В глазах докторши заплескался ужас.
Ася подалась вперед и вытянула руку, чтобы сорвать безликую докторскую маску. Вместе с ней дернулись за спиной обрубки крыльев.
– Что это? – в ужасе закричала Ася.
– Лежи спокойно, – сказала доктор Асиным голосом.
Сон вспомнился так ясно, что Ася быстро осмотрела себя в зеркало. В каждой из трех створок трюмо отразилась жалкая фигура в ночнушке и с растрепанными волосами. Без крыльев.
– И на том спасибо, – пробурчала Ася.
– Ты что-то сказала? – спросила Наталья, балансируя чашками на двух блюдцах.
– Ты откуда чай взяла? – спросила Ася. – Из пачки или из жестянки?
– Из зеленой жестяной коробки, – Наталья поставила чай на столик на колесиках и придвинула его к кровати, – я что, первый раз чай завариваю? Пей, пока горячий, я за вареньем схожу.
Чай в чашке оказался крепким. Как и положено, Наталья положила две ложки сахара.
Ася отпила глоток и откинулась на подушку. Голова оставалась гулкой, в руках подрагивали жилы нервов, но дрожание внутри стало стихать.
Вернулась Наталья с тарелкой печенья и вазочкой варенья.
– Еще чаю?
Ася покачала головой.
Наталья придвинула стул и села напротив с постным выражением лица. Вдруг показалось, что они сидят на сцене и играют в плохом спектакле, такое ненатуральное было у подруги лицо. Пузырьки смеха защекотали Асину грудь, перелезли в горло и вырвались наружу слабыми переливами.
Наталья перестала изучать дно чашки и удивленно вскинула брови.
– Эдик прислал письмо. – Ася хрюкнула, придавила пальцами пятачок под левой ключицей, где неутомимый гейзер продолжал выбулькивать несносные пузырьки смеха.

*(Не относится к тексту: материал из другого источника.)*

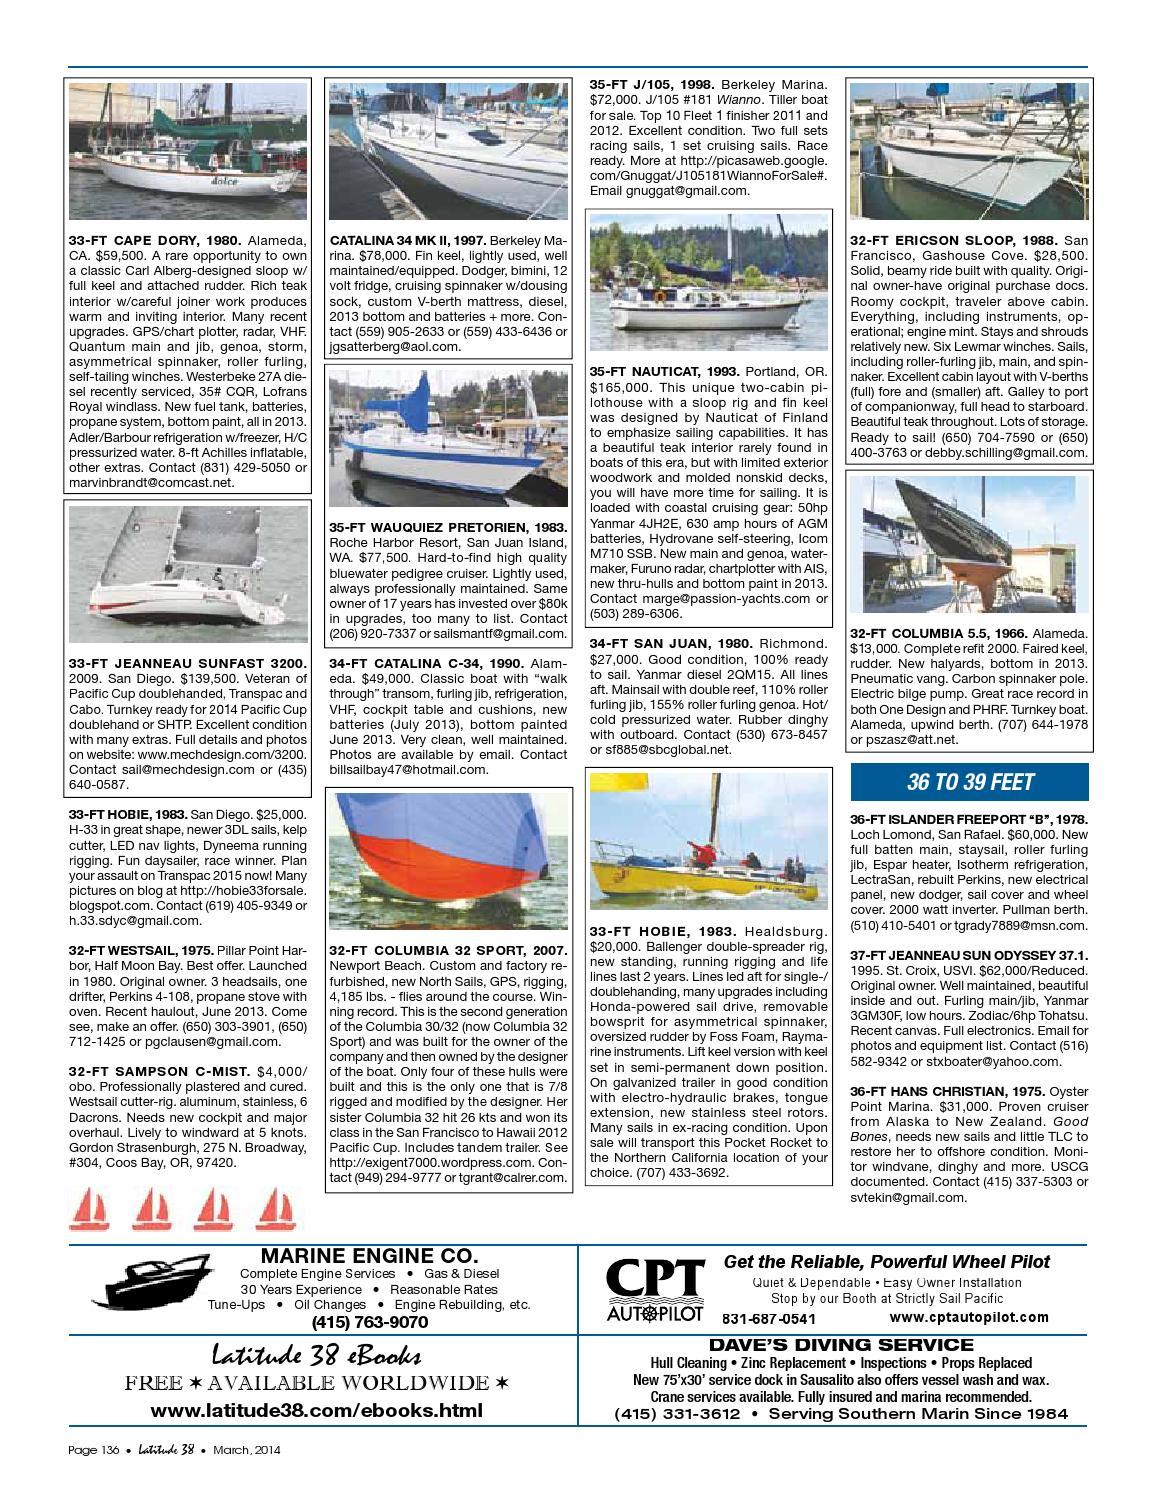 Latitude 38 March 2014 by Latitude 38 Media, LLC - issuu

Тень набежала на Натальино лицо, она вмиг постарела, лоб прорезали глубокие морщинки.
– Ты говорила, – гробовым тоном сказала она, усиливая ощущение сцены.
– И не только письмо. – Ася взяла с блюдца ложку и зачерпнула варенья. – Черника? Ой, как вкусно! Мама варила?
Асин собственный голос звучал подозрительно высоко.
– Рассказывай, не томи уже, – сказала Наталья.
Ася захихикала, встала на кровати и приняла позу мухинской колхозницы. Поза получилась корявая и неуместная.
– Вива, Куба, – неуверенно сказала Ася и пошатнулась.
Морщинки на Натальином лбу углубились.
Ася перестала изображать скульптуру и коротко взмахнула рукой с зажатой в ней ложкой.
– Эдька прислал билеты, – сказала она громким шепотом, – «Кубана Авиасьон»! Пересадка в Испании.
Наталья неровно поставила чашку на блюдце. Раздался тонкий, дребезжащий звук.
– Что с Сережкой? – спросила она.
– А что с ним? – удивилась Ася. – Вместе полетим. Воссоединение семьи, так сказать.
Ася махала ложкой и тяжело прыгала на кровати. Отраженный хрустальными подвесками чешской люстры свет скользил по ее фигуре, дробил на части. Подлетала к потолку светлая Аськина гривка, под шелковой комбинацией на приспущенных бретельках мячиками прыгали не стесненные лифчиком груди.
К Натальиным глазам подступили непрошеные слезы. Пустая, испорченная Аська и маленький Сережка, в чьих глазах живет не только забытое отражение глупой детской Натальиной любви, но и кое-что еще. Какими теплыми становятся эти глаза, когда она приходит в гости, берет Сережку на руки, прижимает к себе маленькое, почти невесомое тело, слушает тихий, неуверенный, понятный только ей лепет. Она прижимает к себе Сережку, и хорошие, теплые мечты кружат ей голову. Скоро, совсем скоро наступит время, когда бледный маленький Сережка попадет в тропический рай, где на пальмах растут настоящие бананы, где круглый год царит лето и светит щедрое, ласковое солнце. И тогда он перестанет быть таким маленьким и зеленым, расцветет, как нежное южное растение, случайно попавшее в среднюю полосу России и захиревшее от нехватки солнца и тепла. Сережа увидит наконец отца, узнает бабушку, дедушку, и двух теток, и их бесчисленных детей, о которых не устает писать Эдуардо. Он получит то, что принадлежит по праву каждому ребенку, – дом и тепло. То, о чем всегда мечтала Наталья.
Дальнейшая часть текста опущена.